Monday, March 9, 2009

One State= No State

http://www.nytimes.com/2009/01/22/opinion/22qaddafi.html

This article is borderline ridiculous. It is written by Muammar Qaddafi, the current leader of Libya, and proposes a one state solution. First of all, you would be hard pressed to find any Israeli or Palestinian, Arab or Jew, who thought a one state solution was a good idea. It may be true that Jews and Arabs coexisted peacefully prior to 1948, (although I think a history of Arab rebellions and Jewish rebel groups disputes that), but at this point there has been too much conflict, too much suffering, and too much internal tension for a one state solution to be possible.
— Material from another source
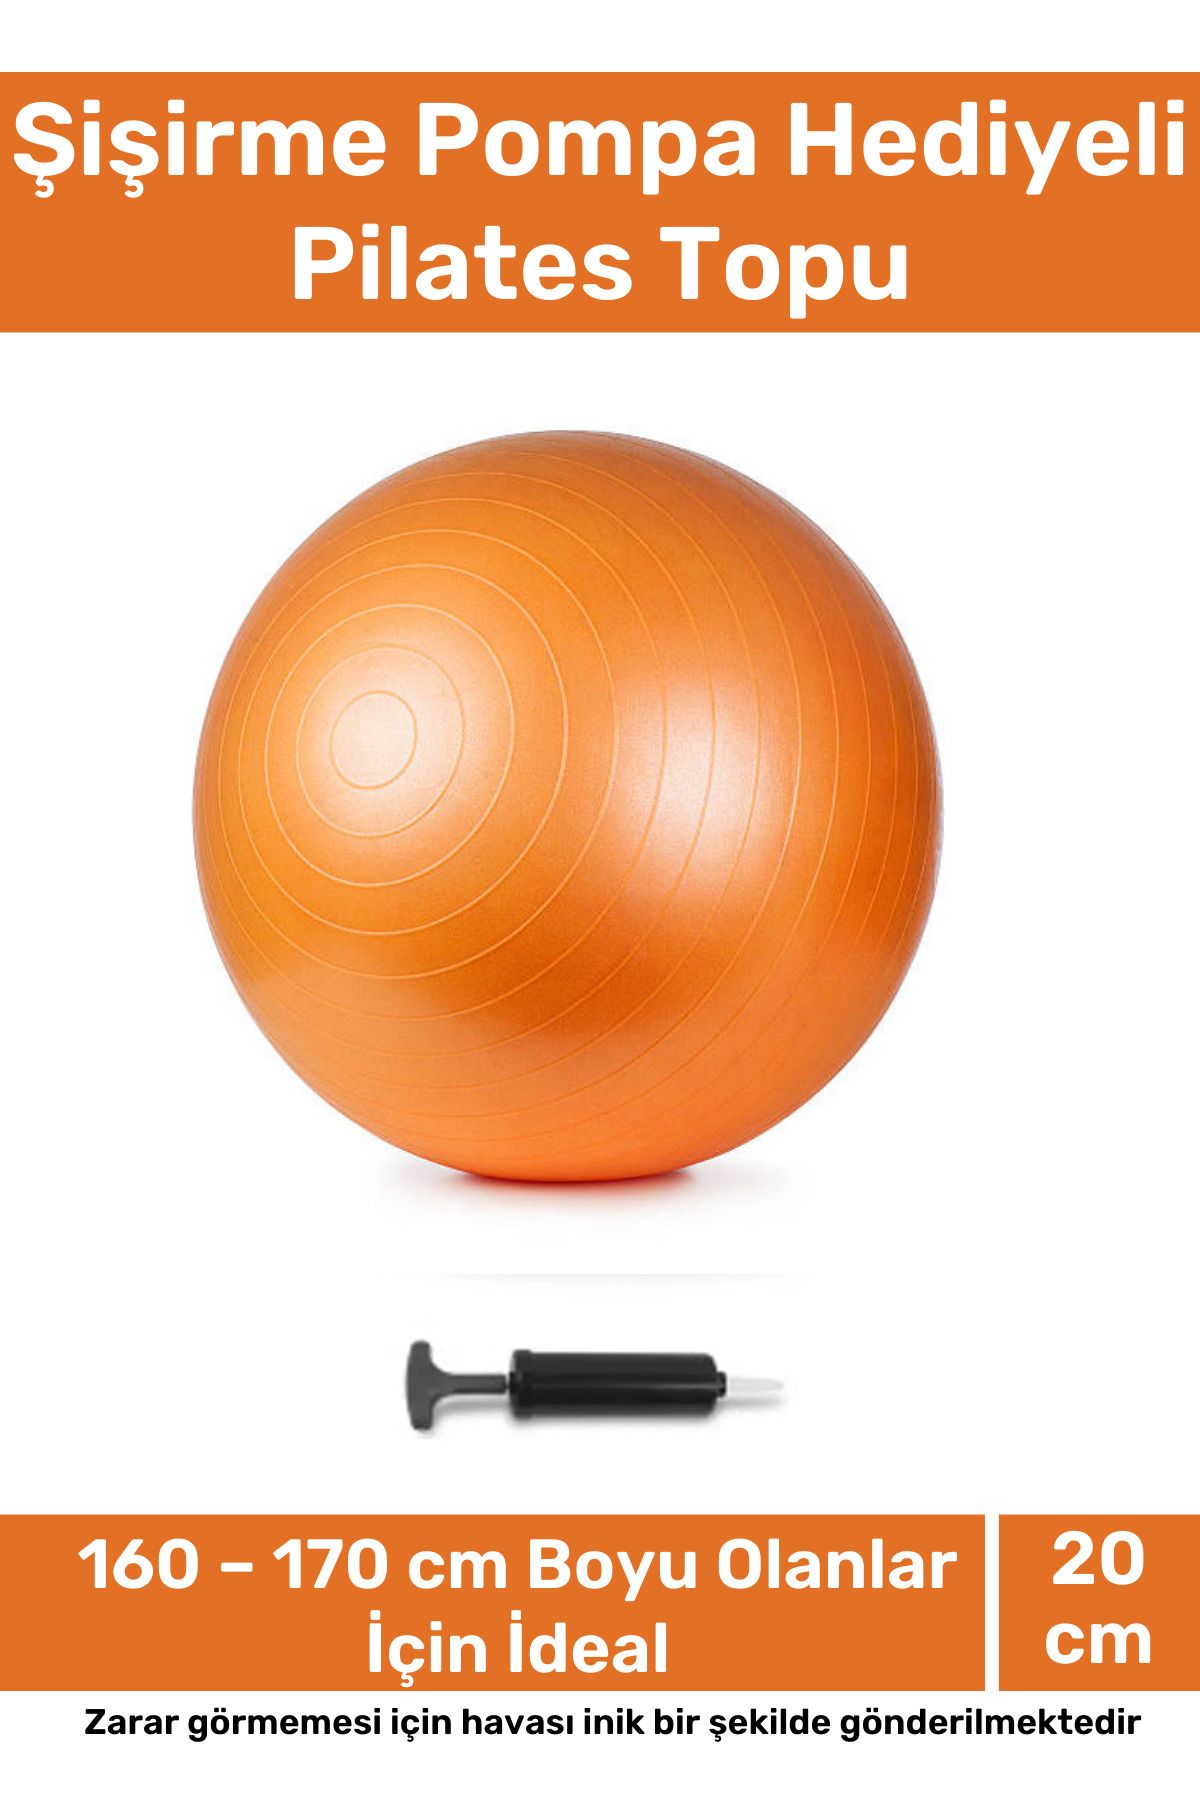 Genel Markalar Profesyonel Seri Dayanıklı Yüksek Kalite Mini Gymball 20cm Turuncu Pilates Topu Şişirme Pompa Hediye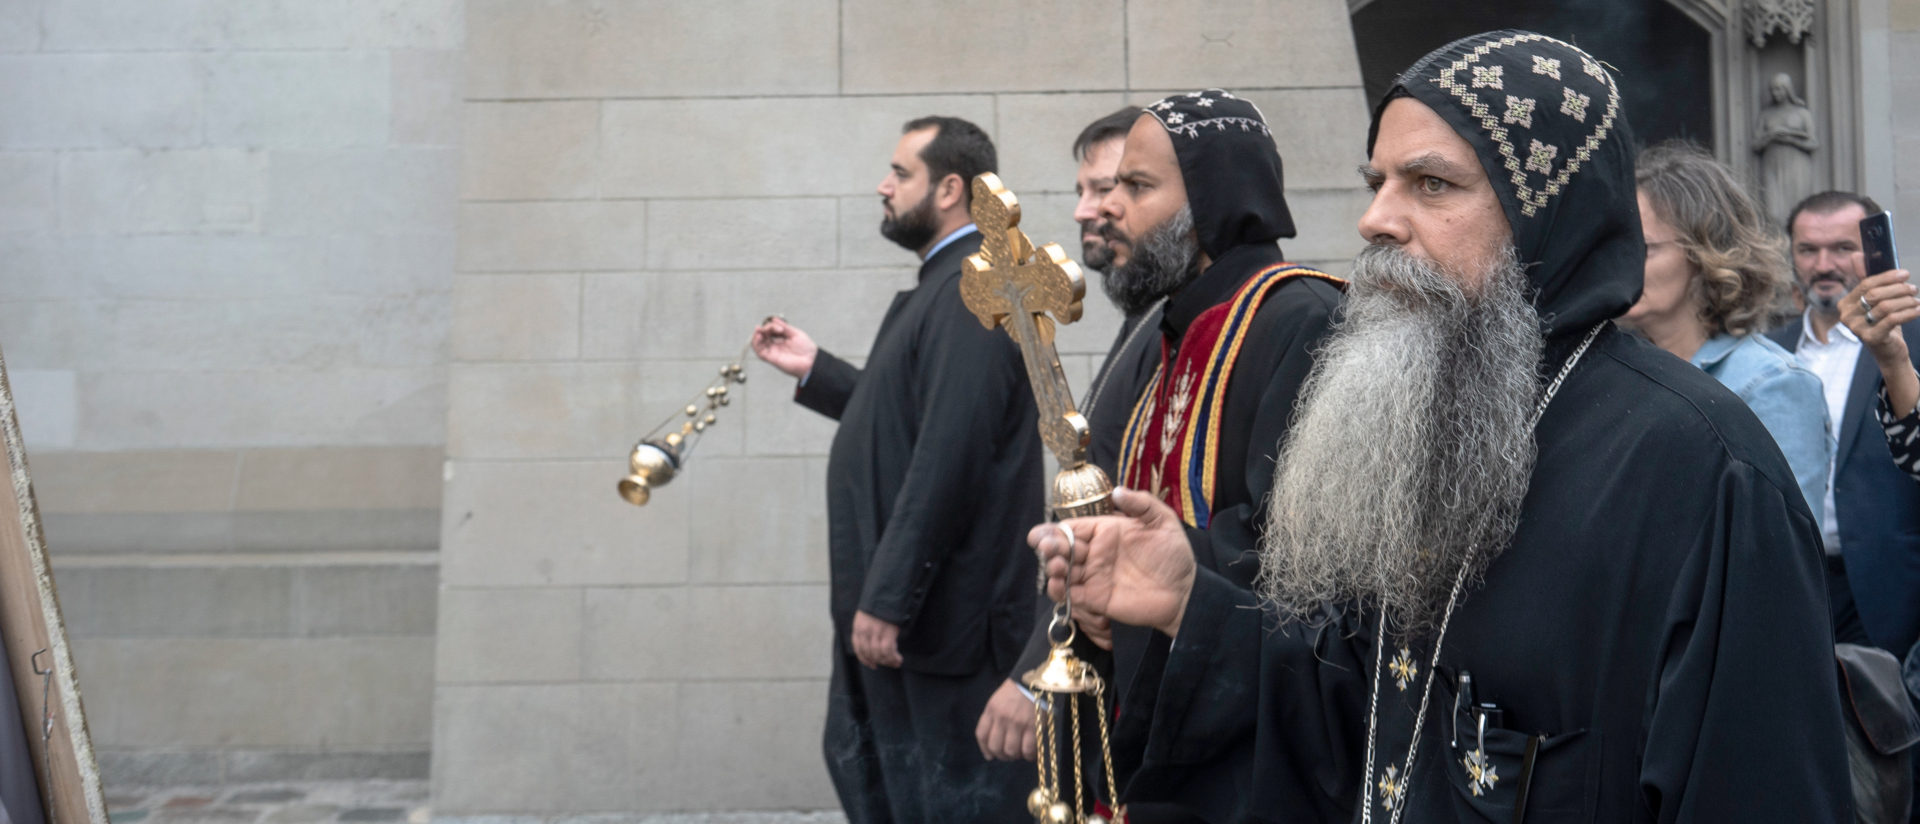 Orthodoxe Prozession in der Zürcher Altstadt

Beyond that, the claims he makes, about Palestinian refugees needing to return to their homeland and Palestinians working within the Israeli or "Israeltine" government can never happen because Israel, by definition is a Jewish State, and an Arab majority population wise, in a democracy, would crush any opposition. Israel would not remain a Jewish state for long and by taking that away you are effectively destroying Israel. No Israeli will ever agree to that.

Also, the kind of refugee return plan Qaddafi is proposing is impossible. Palestinian refugees are not just looking to return to Israel, they are looking to return to specific places in Israel, many of those places now inhabited by others. For such a small country to absorb such a large influx of people is ludricrous. Imagine if the United States was told tomorrow that they had to give back all of the land of the Native Americans, and that everyone non native had to leave. It would be chaos and that is without the added influx of people. It just isn't possible.

4 comments:

  1. While you may disagree with the premise of a one state solution isn't it amazing, hopeful, and utterly unexpected to read something this sympathetic to the Jews from QADDAFI? I grew up with hime being one of the boogie men of the Middle East, one of the supporters of 1970s/80s terror. I agree it would be very hard to have a one state solution for the exact reasons you mentioned, is a two state or status quo 'solution' any easier?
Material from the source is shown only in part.